One neat thing I got to see almost four years ago just across the river from SunRiver OR was an Osprey beating up on a Bald. The Eagle was like a truck and the Osprey a Porsche. He connected three out of four dives/attacks (this was a mostly horizontal sporting event) on the Eagle. Whatever the Eagle had done, he was getting out of Dodge.
We have a neat thing going on at the East Shore of Wickiup Res. just south
of Bend Oregon where a population of around 100 immature Bald are gathering in about late June for the lakes receding. This sets up a place where fast food catfish in small pools make for great scavenging. I've been able to walk directly underneath an immature Bald preening (about 80' up) and watch it for 8+ minutes. This does not represent the problem that visiting a nest site does for several months of the year. Better than Wickiup is Klamath Lake in South Central Oregon. Better than that is Juneau AK. But I digress.


----------



## Tree Sling'r (Dec 29, 2005)

Quote: Better than Wickiup is Klamath Lake in South Central Oregon. 

Better than Klamath Lake is Lower Klamath National Wildlife Refuge just south of Klamath. Last year I read nearly 900 bald eagles wintered in the timber outside of Worden, just a short flight to Lower Klamath. I spent three days there taking pictures. I go around 10 times a year, lots of waterfowl and mule deer too.
But, like you said Alaska is the best for eagles.


----------



## smokechase II (Dec 30, 2005)

Tree Sling'r;
What do you do with your photos?
How high a resolution?
Got pelicans?


----------



## Filer (Dec 30, 2005)

While bass fishing on Lake Shasta a couple years ago I watched two mature bald eagles( I assume the parents) forcing a immature bald eagle out of a tree. It appeared they were teaching it to fly. As soon as it started flying it floundered a little and ended up landing on the bank where we were fishing no more than 20' away from us. It just sat there squawking at the parents until they landed next to it and started harassing it trying to make it fly again. It refused and they stayed there for at least 15 minutes until the immature eagle finally flew away with the parents in tow. The whole time I was kicking myself for leaving my camera at home. I coulda damn near spit on them. It was very cool to say the least!!! Bass fishing I have seen several very cool wildlife realated things. One morning we heard a dog barking for at least a half an hour, we just figured it was a dog on a houseboat somewhere as there is houseboats tied to every stump. All of a sudden there was a scream that raised the hair on the back of my neck. It sounded like a sick baby or something. 10 seconds later a coyote came haulin ass out of the woods yelping with a cougar on its tail providing an ass whoopin. The cougar stopped and howled a couple times at the coyote and turned and strutted back into the woods. Didn't catch any fish that day, but it was one of the best days I have spent fishing.


----------



## Tree Sling'r (Dec 30, 2005)

smokechase II said:


> Tree Sling'r;
> What do you do with your photos?
> How high a resolution?
> Got pelicans?


I sell some of them - but have worked so much this year that I have not taken very many photos - other than portraits.
Both of the pics I posted were from slides, then scanned on my 5400dpi slide and film scanner. I have a digital SLR as well, a Canon D60.
I have some pelican shots somewhere in my file, but nothing worth posting.


----------



## notahacker (Jan 1, 2006)

Last Winter time I was working in the cold. I was sitting in my truck while eating my lunch. I looked accross the street to a creek with a lot of huge Willows and Cottonwoods. Then I noticed a Bald Eagle pirched on a limb. It had some kind of rodent in it's talons. It would take it's sharp beak and tear this thing like no other and eat away. We were having our lunch at the same time. (I know cheesey)

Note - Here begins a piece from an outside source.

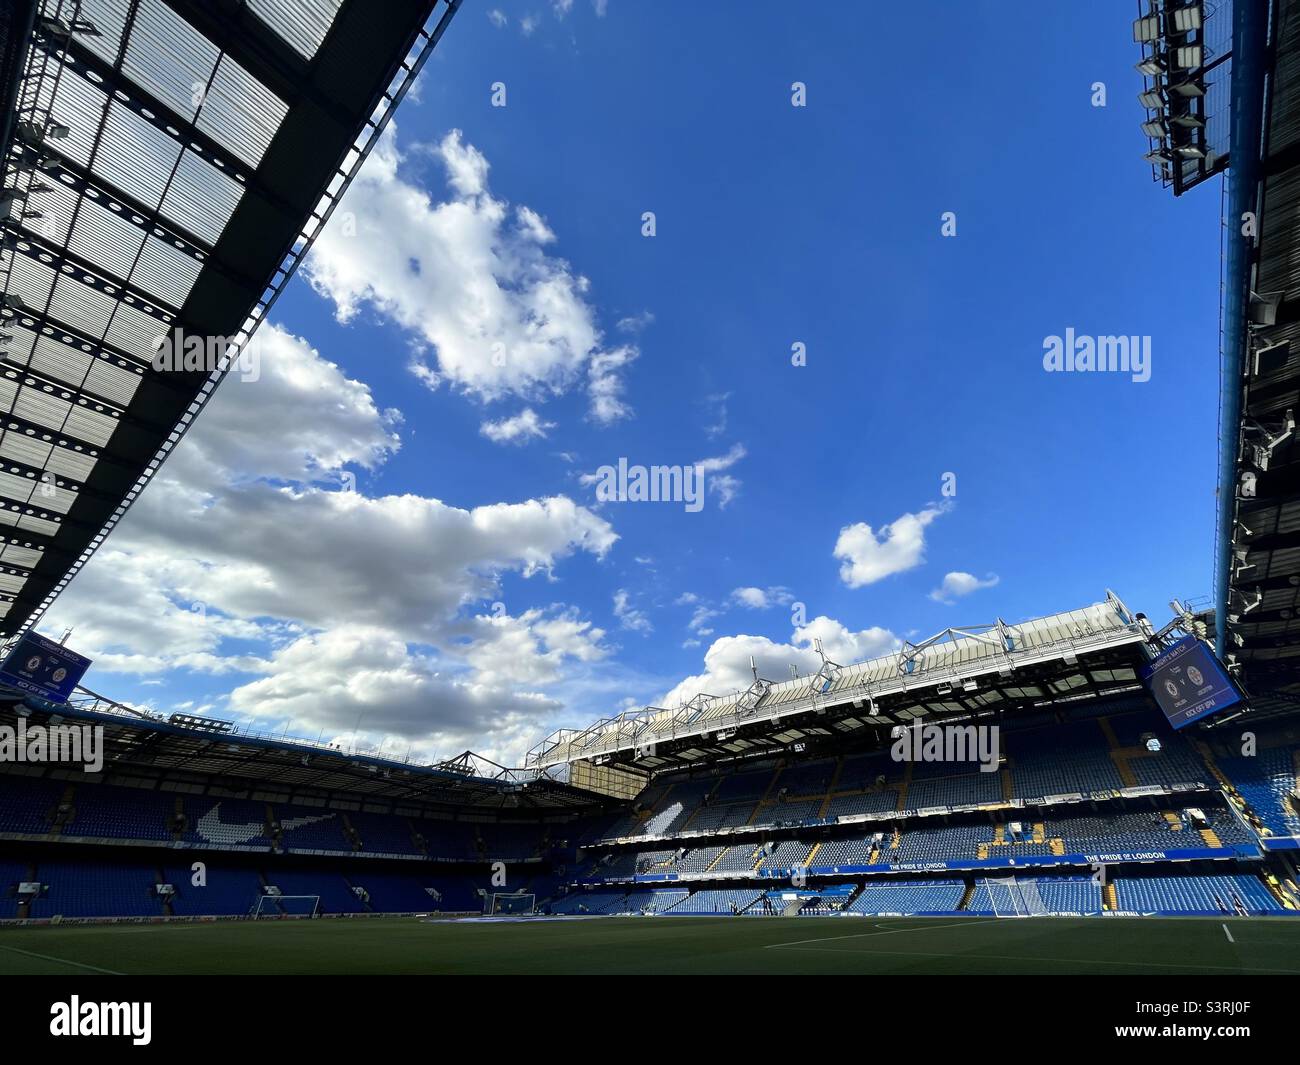 Vue générale du stade de football Stamford Bridge, stade du Chelsea FC à Londres. Chelsea joue dans la Premier League anglaise. Banque D'Images

Then, something unthinkable happened. All of the sudden I see a small Pomeranian dog walking along the street. I knew of the huge bird in the tree, but this dog did not. I looked to the right and saw the owner walking behid at least 10 yards. Then, the Eagle turned it's head and spotted the small dog. I thought, "this is going to be like, 'When Amimals Attack.'" Then, I thought I should say something to the owner. The large raptor then took some blinks of the eye and tore back into his all organic rodent from the creek. 

I couldn't help but wonder if that Eagle was not already eating, would it have grabbed that poor little dog? My imagination says it would have.


----------



## Gypo Logger (Jan 4, 2006)

Great Eagle stories!
Here's an immature Bald or Golden Eagle I got a shot of in the Yukon at a garbage dump of all places.
John


----------



## Schultzz (Jan 4, 2006)

Nice photo Gypo!


----------



## Stihl Crazy (Jan 25, 2006)

*eagle rescue*

Found a bald eagle at work today, it had a broken wing. We called the DNR and they told us to catch it and bring it in. We followed their instructions and used a blanket to catch it. They have it now and will keep us informed of its progress.


----------



## hobby climber (Jan 25, 2006)

I was shocked to see a Bald Eagle today flying along the Detroit River between Windsor Ontario and Detroit Michigan. I had to take a double took to see if my eyes were playing tricks on me. Sure enough, it had a white head with white tail feathers and dark body. I asked my partner to take a look and he also confirmed it was a Bald Eagle. Just something you don't see every day and especial in that built up area with the Renaissance Center (Detroit) in the background. Was cool to see though! HC


----------



## PWB (Jan 28, 2006)

Hobby climber, I'm not much more than an hour from you, on the thames river. There's a bald I've been seeing here along the river for several years.

There's supposed to be a nesting site on Peche Island, not too far from where you saw them.


----------



## hobby climber (Jan 28, 2006)

Peche Island you say! Thats interesting. I occasionally see them perched in trees over the canal that empties into River Canard,(Amherstburg). Had taken some photos of em a couple of years back but quality was to poor to post. So, you must be in the Chatham area eh? Hi ya neighbor! HC


----------



## bottlefed89 (Feb 8, 2006)

I picked up a load of firewood the other day, I passed a farmers field and there was a cow calving... After a few hours passed, I was on my way back out and we saw an immature bald eagle eating what I would guess was part of the after birth. Yummy. This was in southeast Kansas. I wished I had my camera with me.


----------



## BlueRidgeMark (Feb 8, 2006)

We had a pair cruising over the house a few weeks back. They were hunting, and only about 80 feet up or so. Wonderful sight! They hung around for a half hour or so, in the general vicinity. I suppose they made a half dozen passes over us in that time.

We're about a half mile from the Shenandoah River.


----------



## Stihl Crazy (Feb 21, 2006)

*eagle release*

We got our eagle back yesterday. His wing has fully mended and he was ready to go free. We let him out of the box and he gracefully took to the air. His mate was in the area just an hour before we released him.


----------